Top of STORED DATA

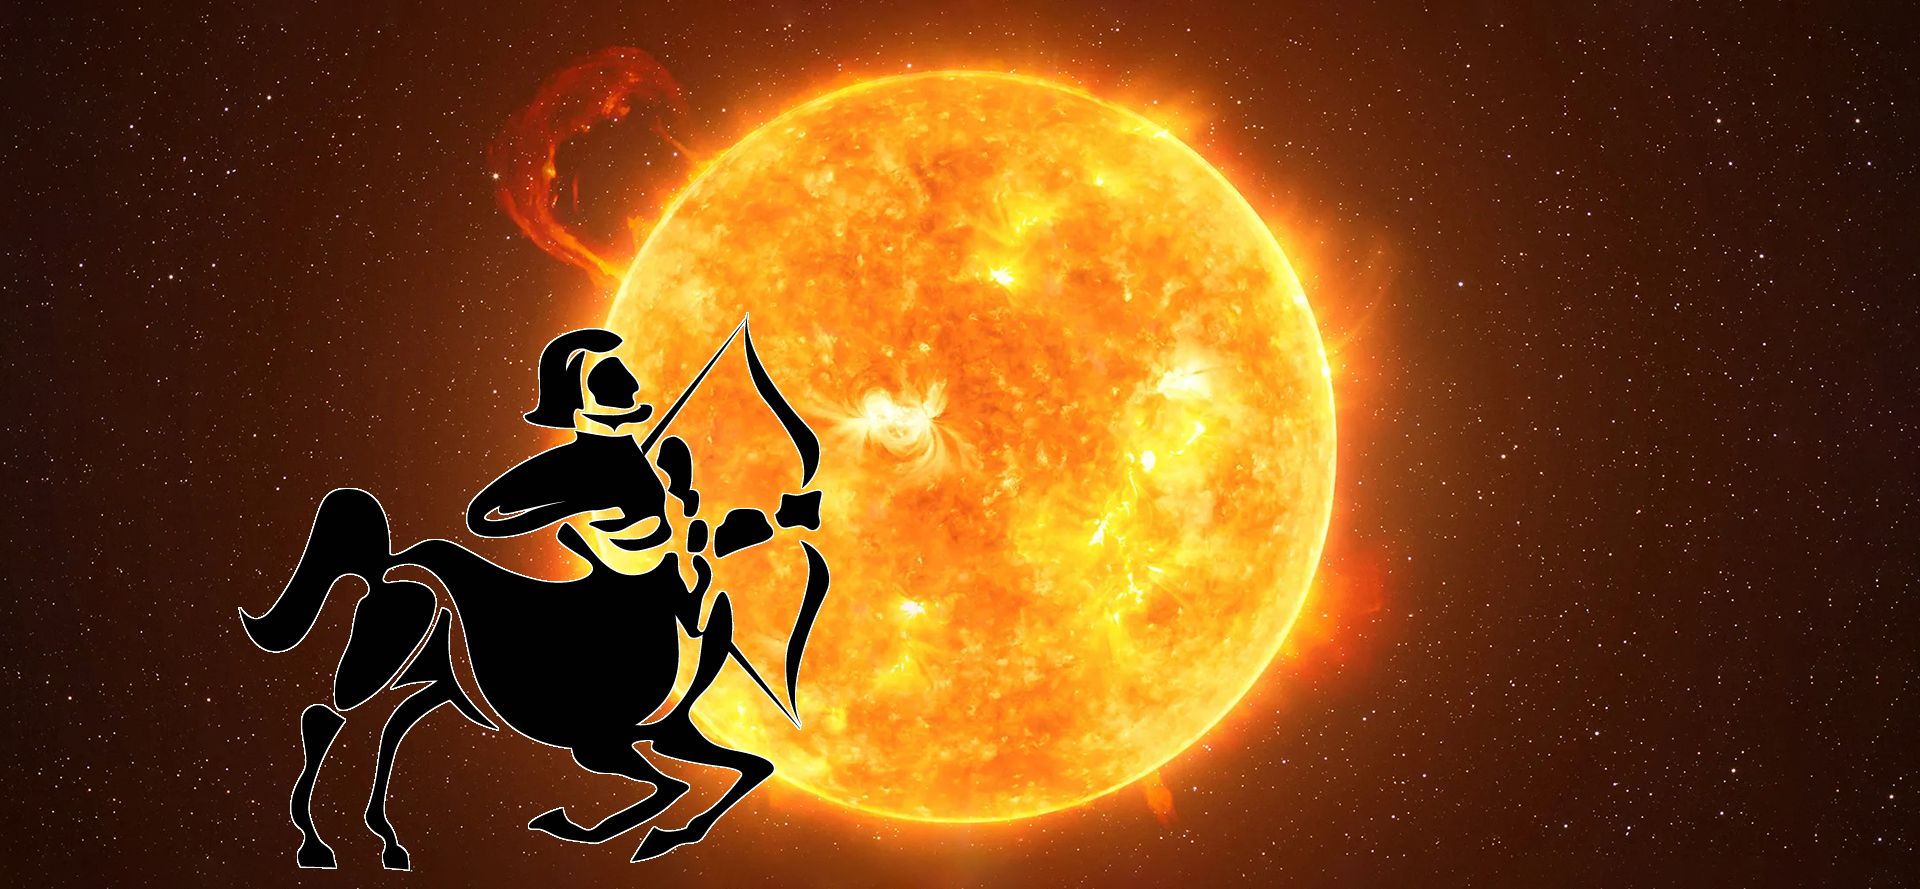 Sagittarius sign and Sun.
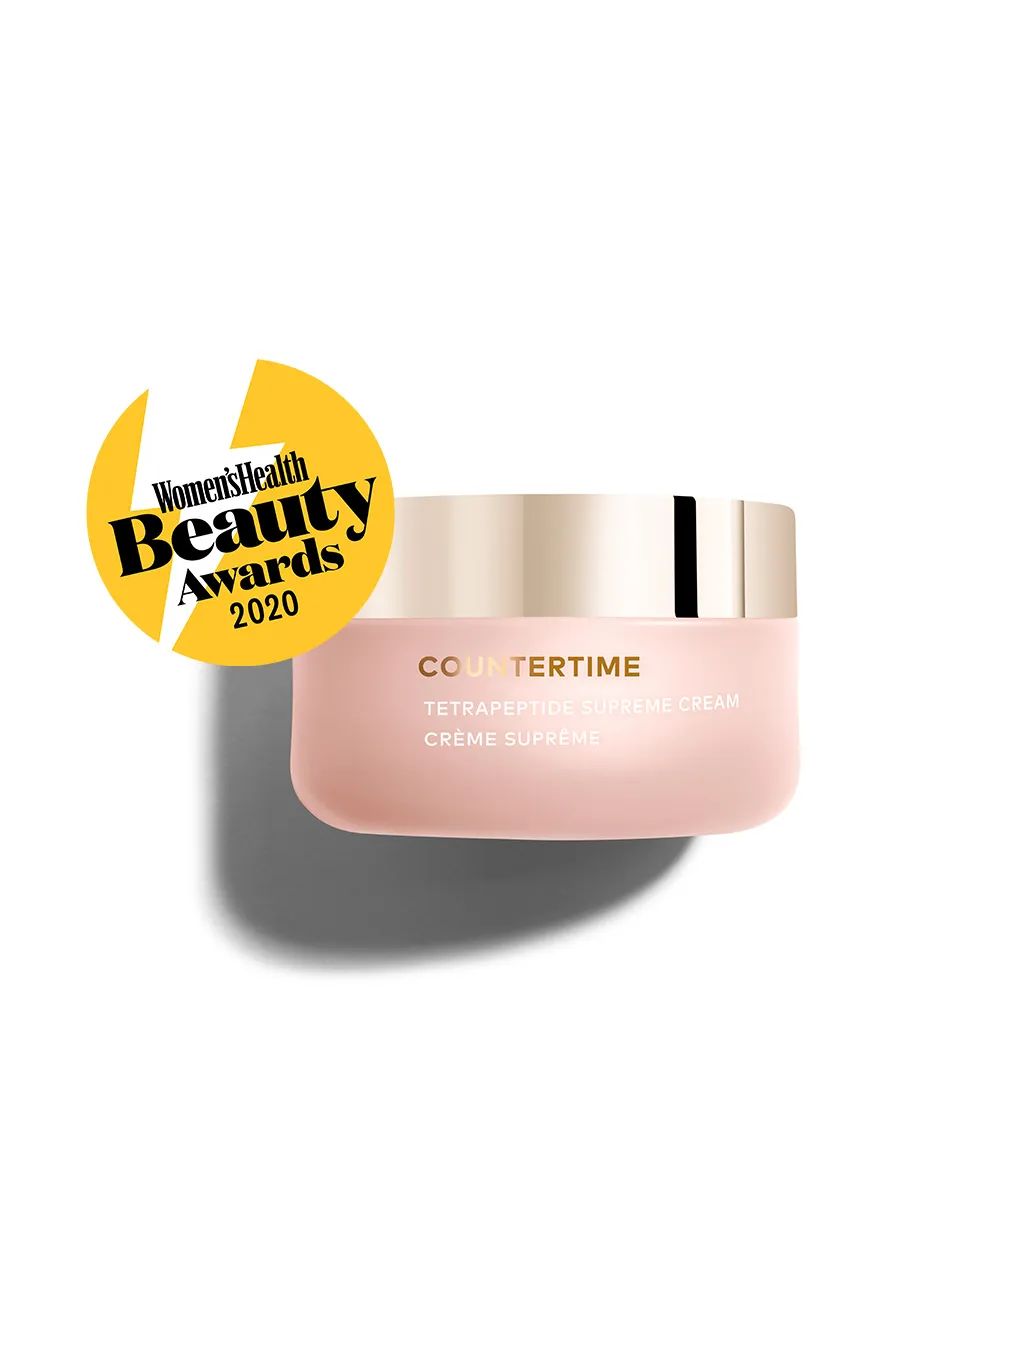 Countertime Tetrapeptide Supreme Cream - Anti-Aging Cream - Beautycounter - Skin Care, Makeup, Ba... | Beautycounter.com
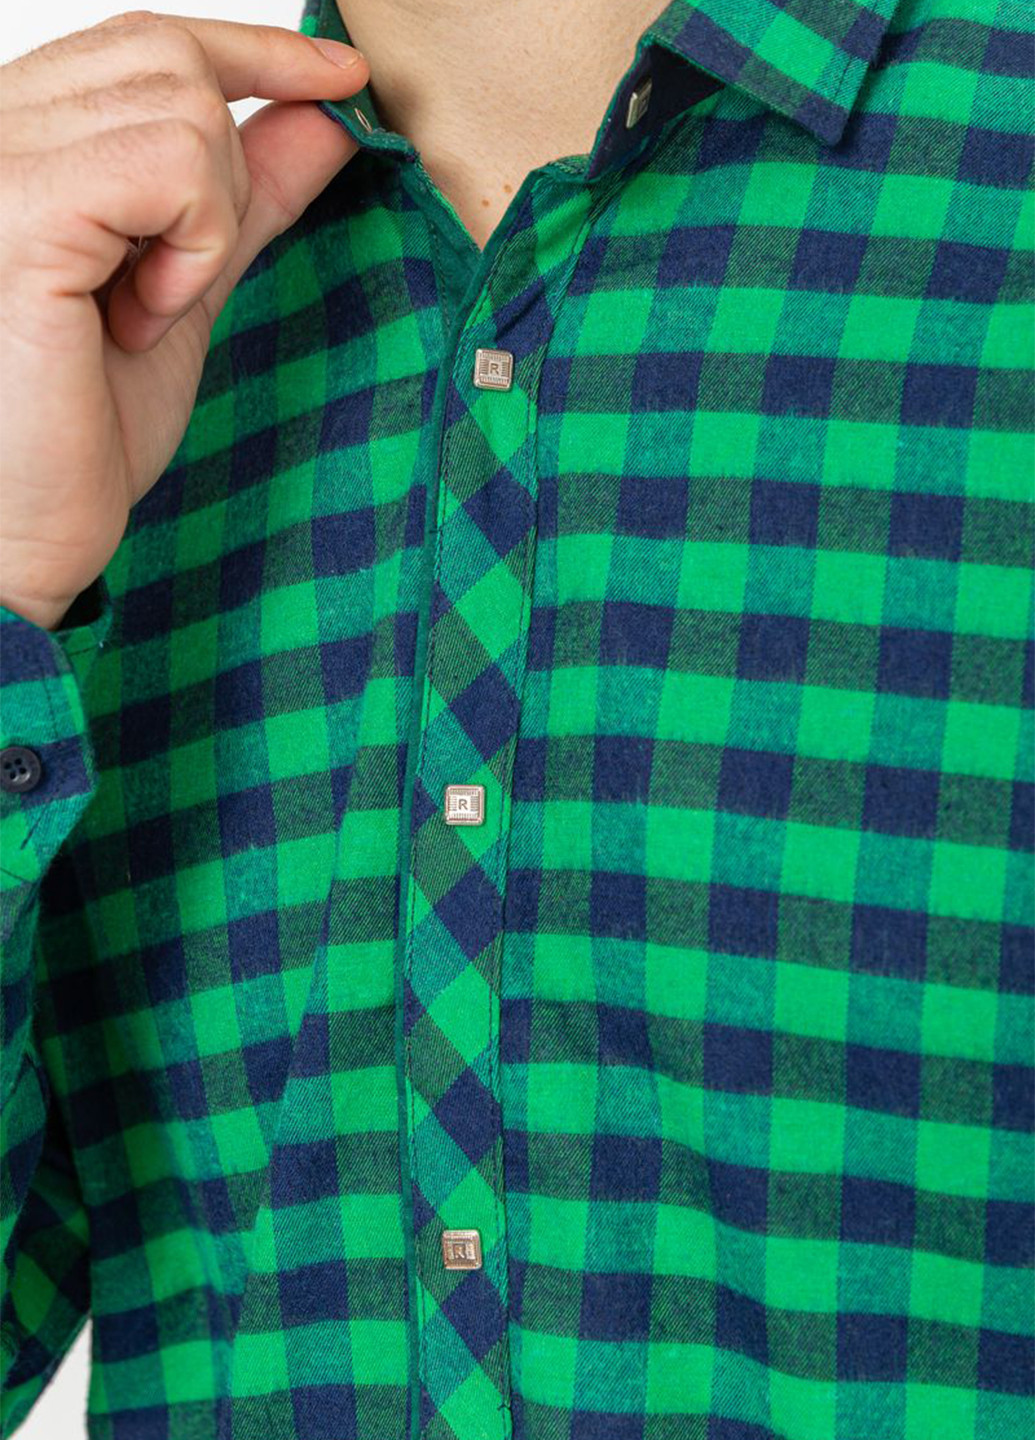 Зеленая кэжуал рубашка в клетку Ager

Bottom of STORED DATA

PROBLEM DESCRIPTION: Write the listing out a second time exactly, dropping all images.

SOLUTION:
 Sagittarius sign and Sun.
 Countertime Tetrapeptide Supreme Cream - Anti-Aging Cream - Beautycounter - Skin Care, Makeup, Ba... | Beautycounter.com
 Зеленая кэжуал рубашка в клетку Ager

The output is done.